## TASK PROMPT
Images should not appear in the copy, yet every line of the listing below must be printed exactly.

## COLLECTED DATA
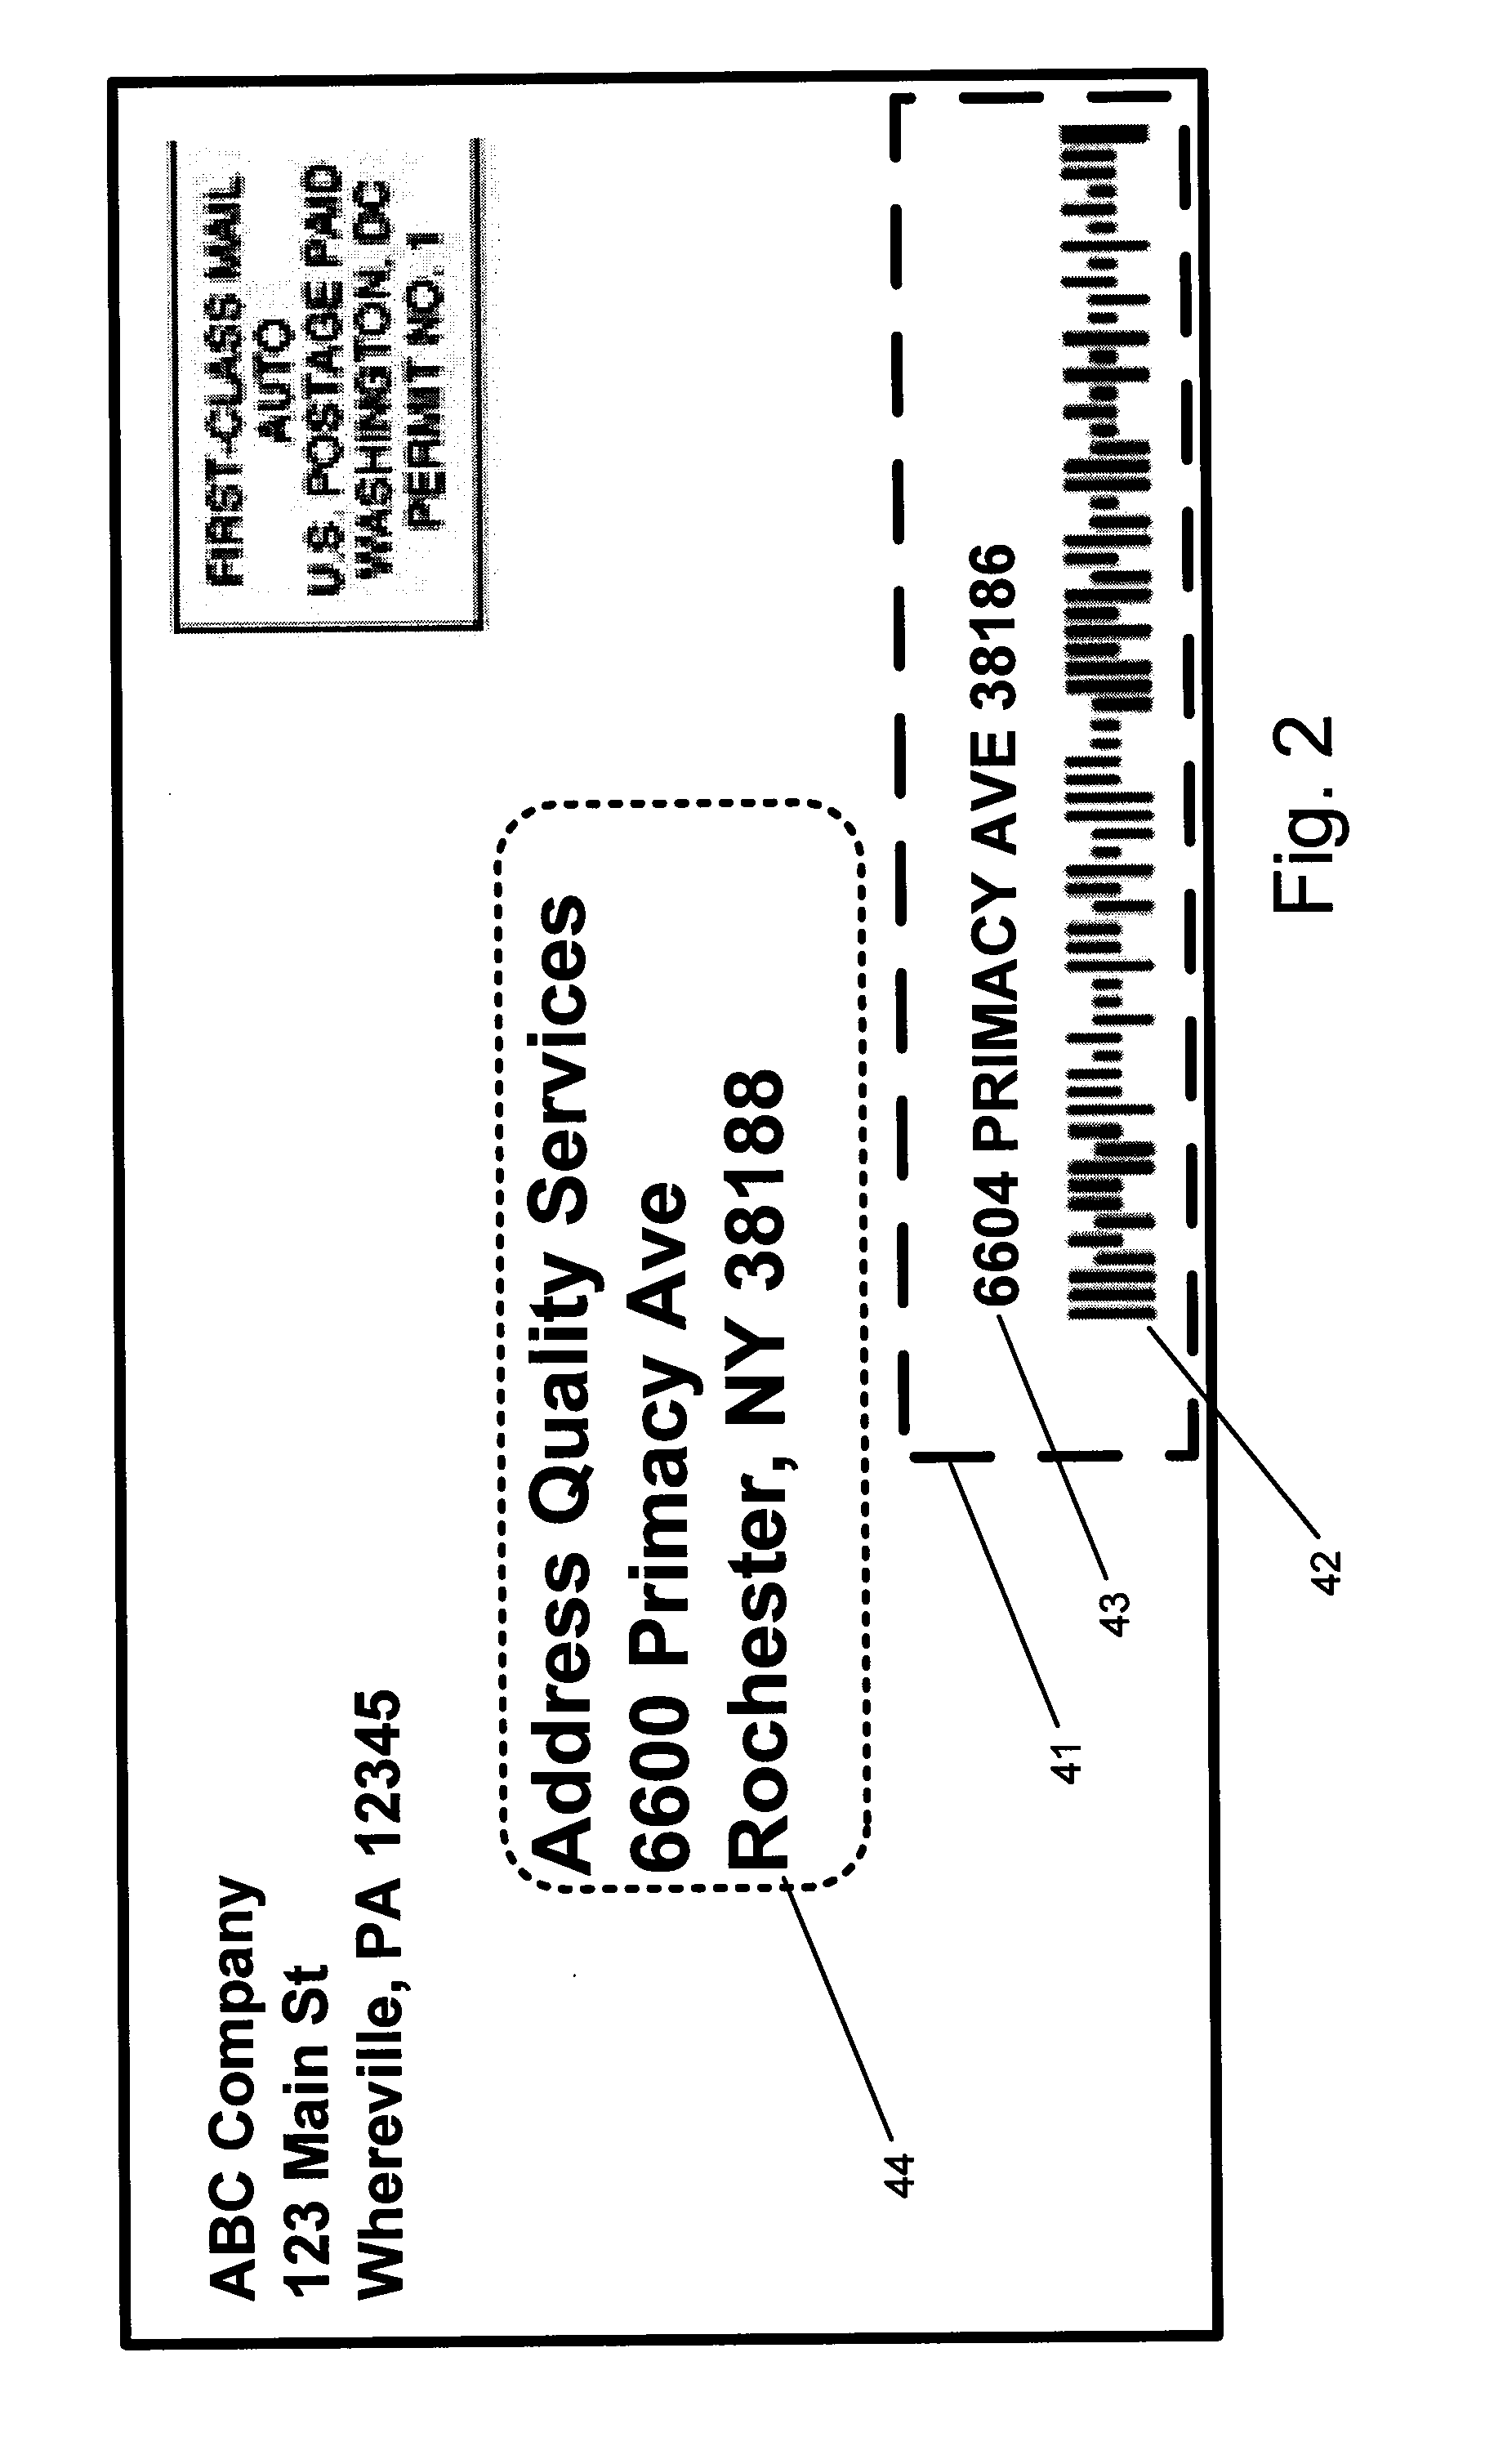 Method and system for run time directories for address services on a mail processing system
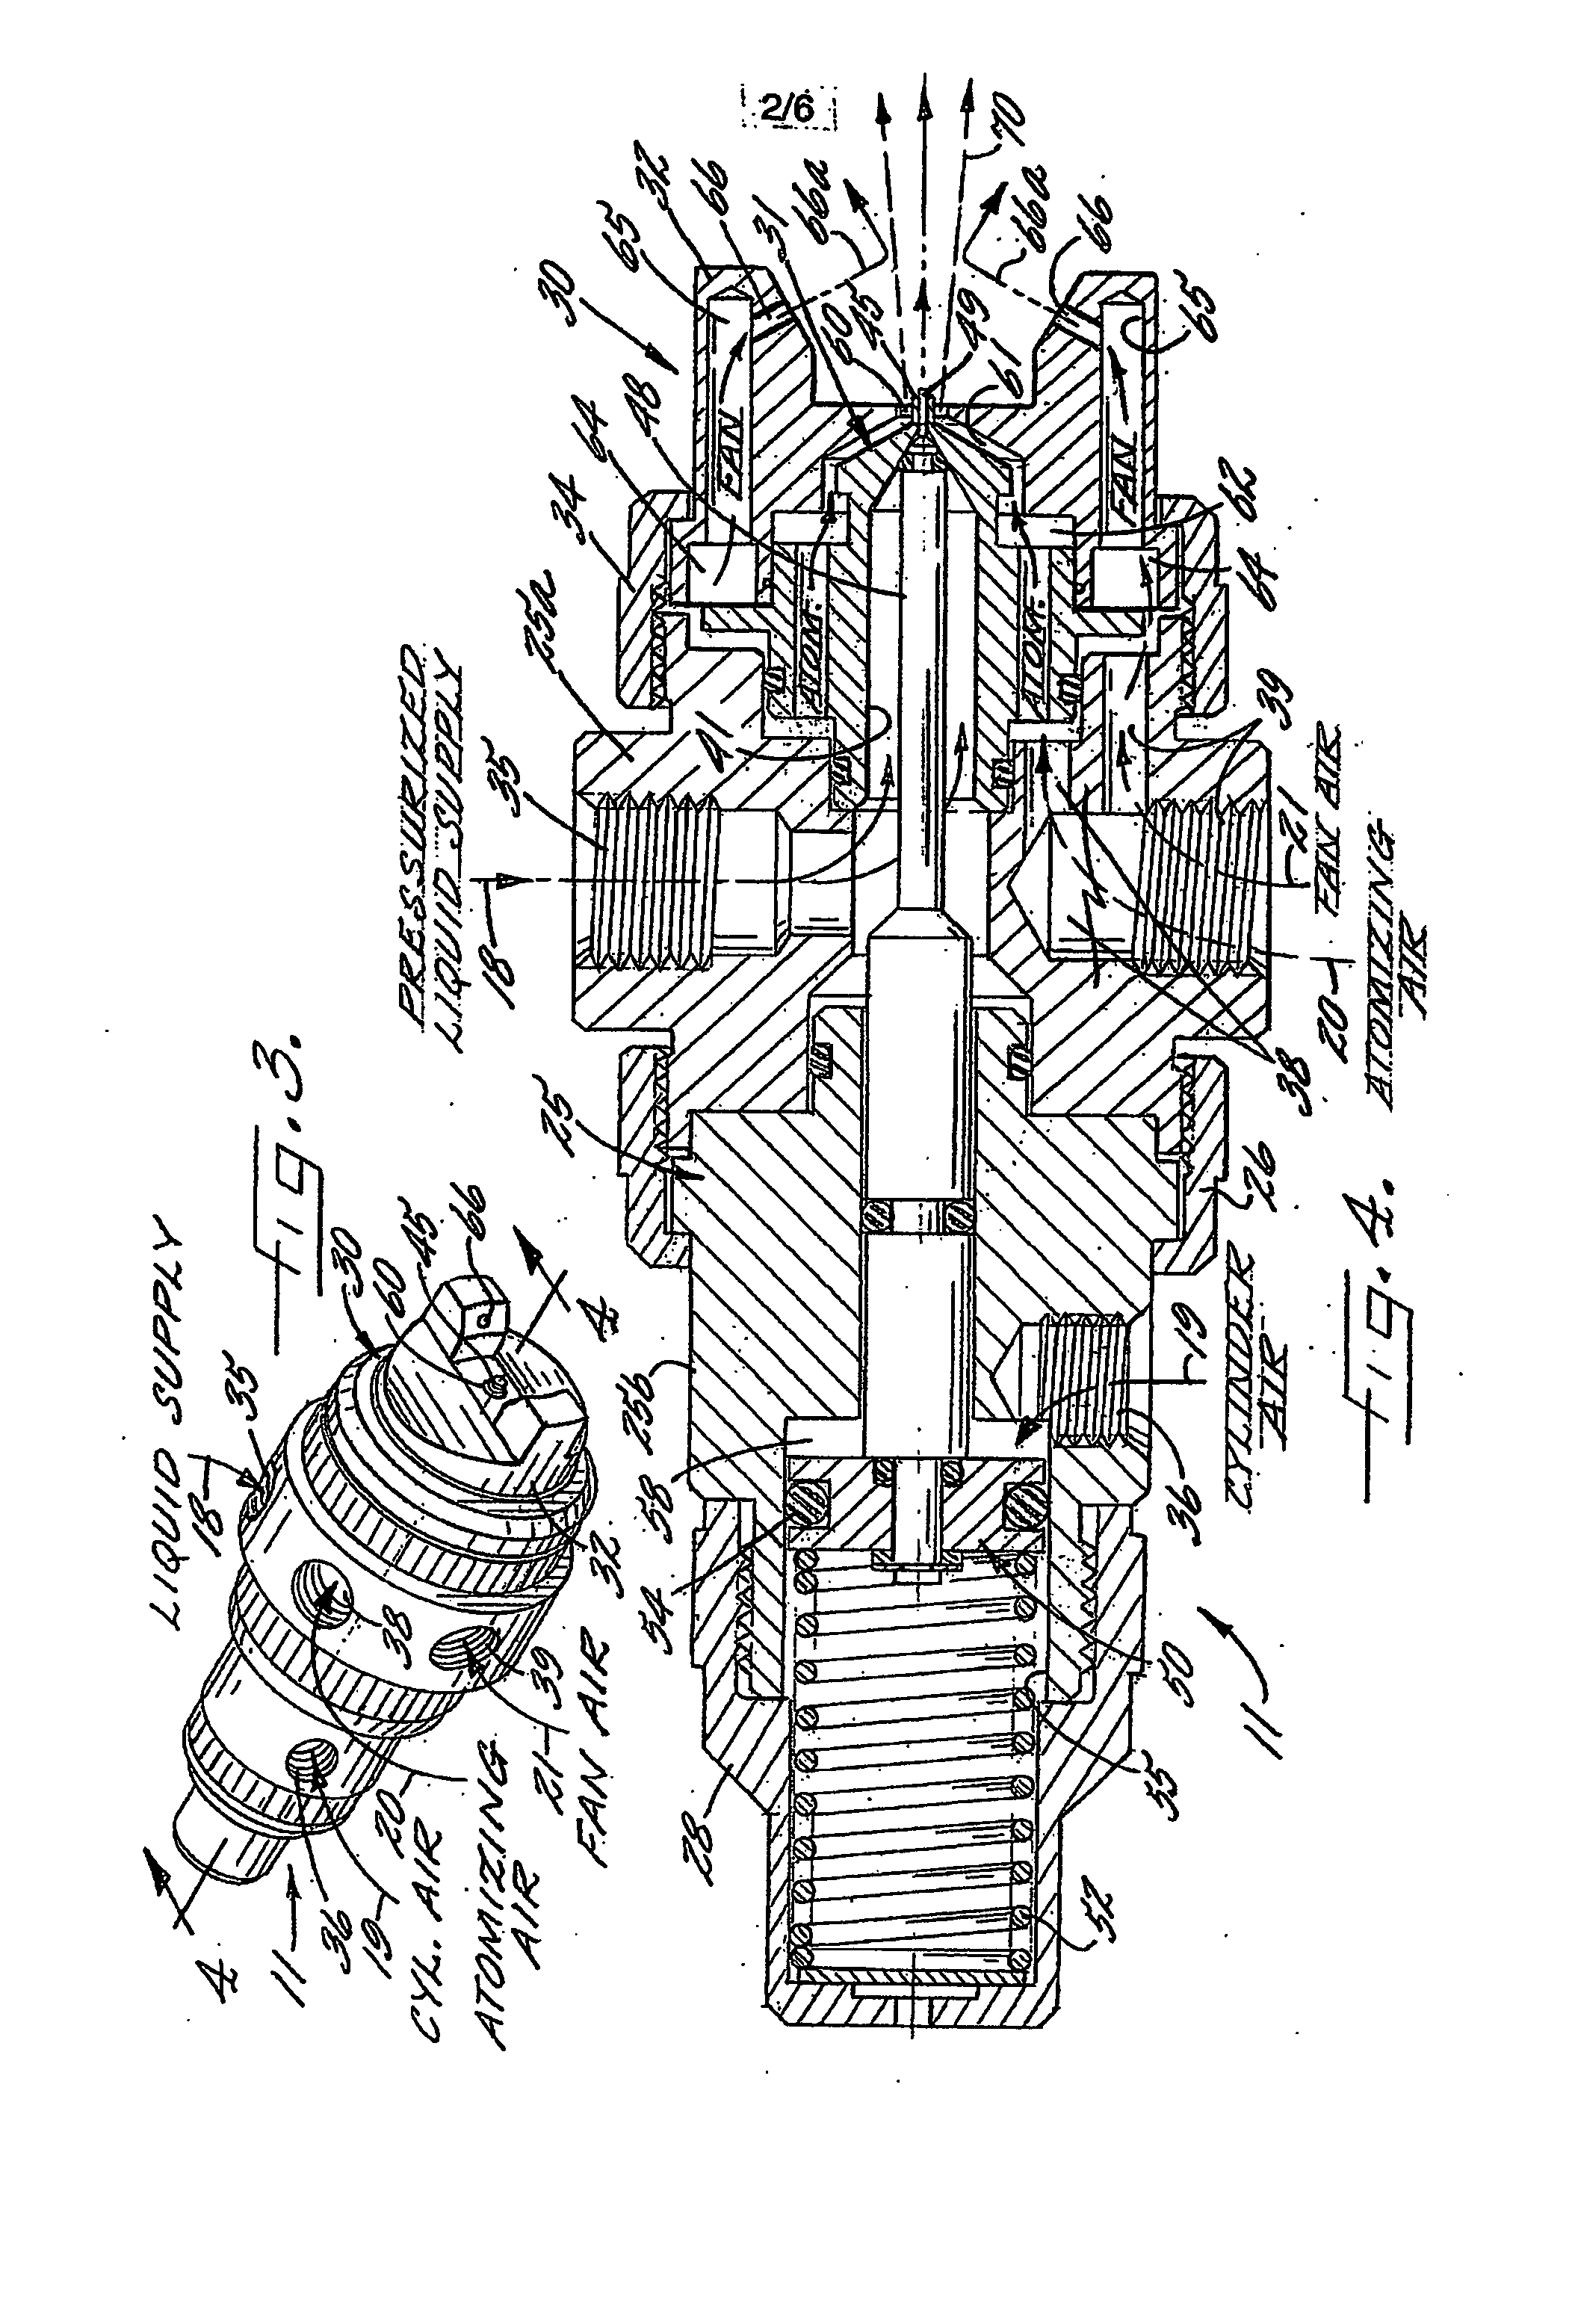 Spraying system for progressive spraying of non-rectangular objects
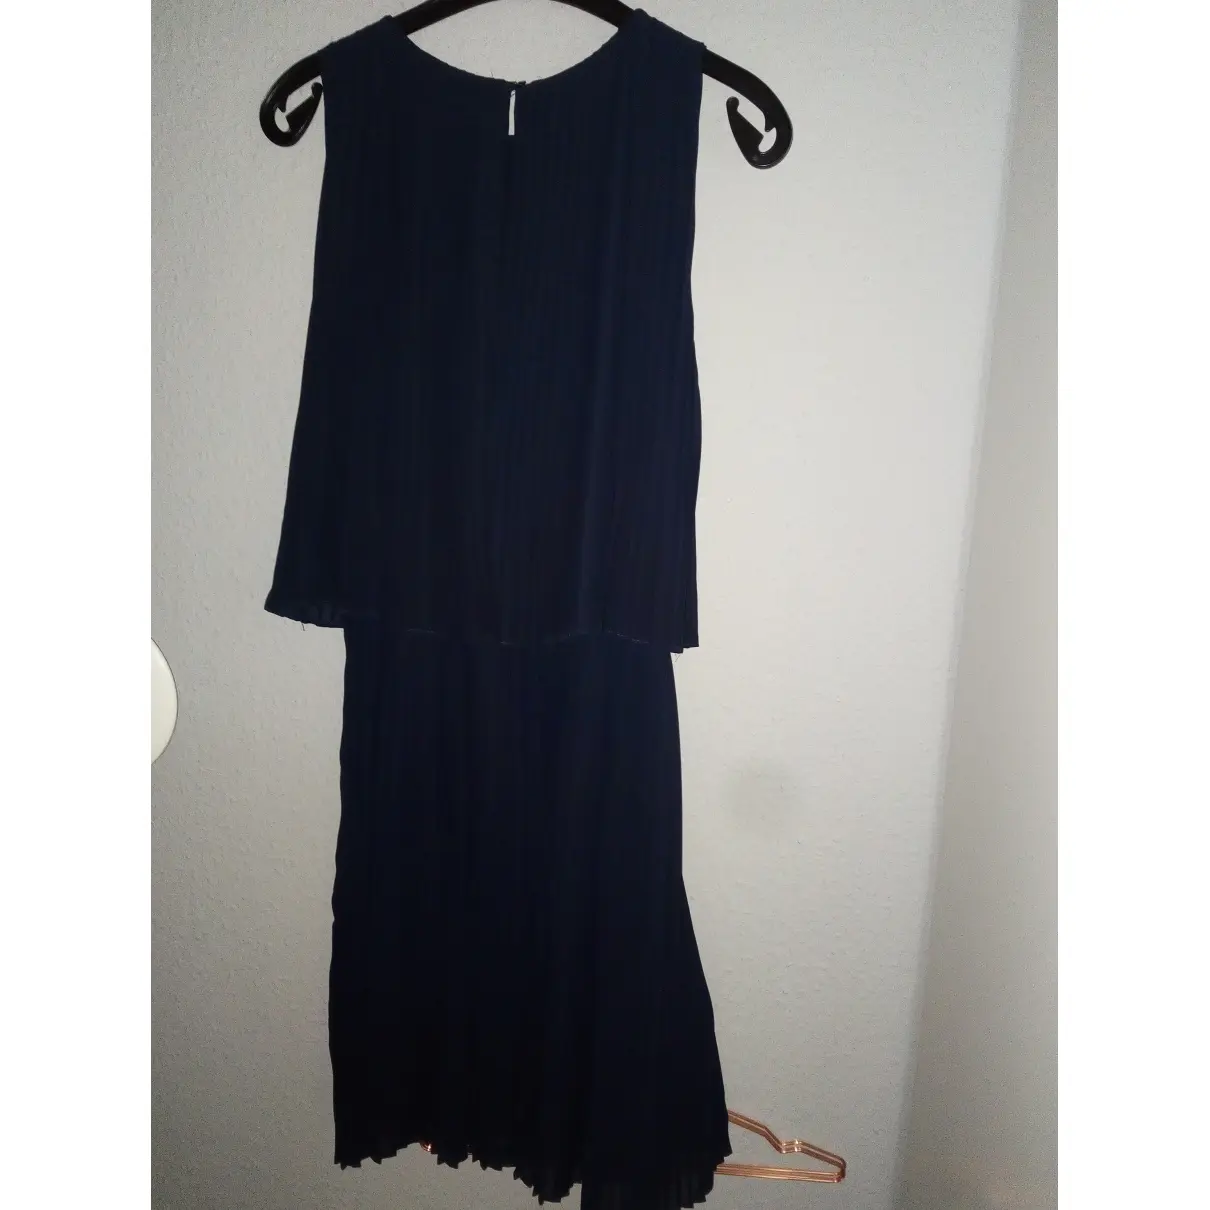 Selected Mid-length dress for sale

## SOLVED PROBLEM
 Method and system for run time directories for address services on a mail processing system
 Spraying system for progressive spraying of non-rectangular objects
 Selected Mid-length dress for sale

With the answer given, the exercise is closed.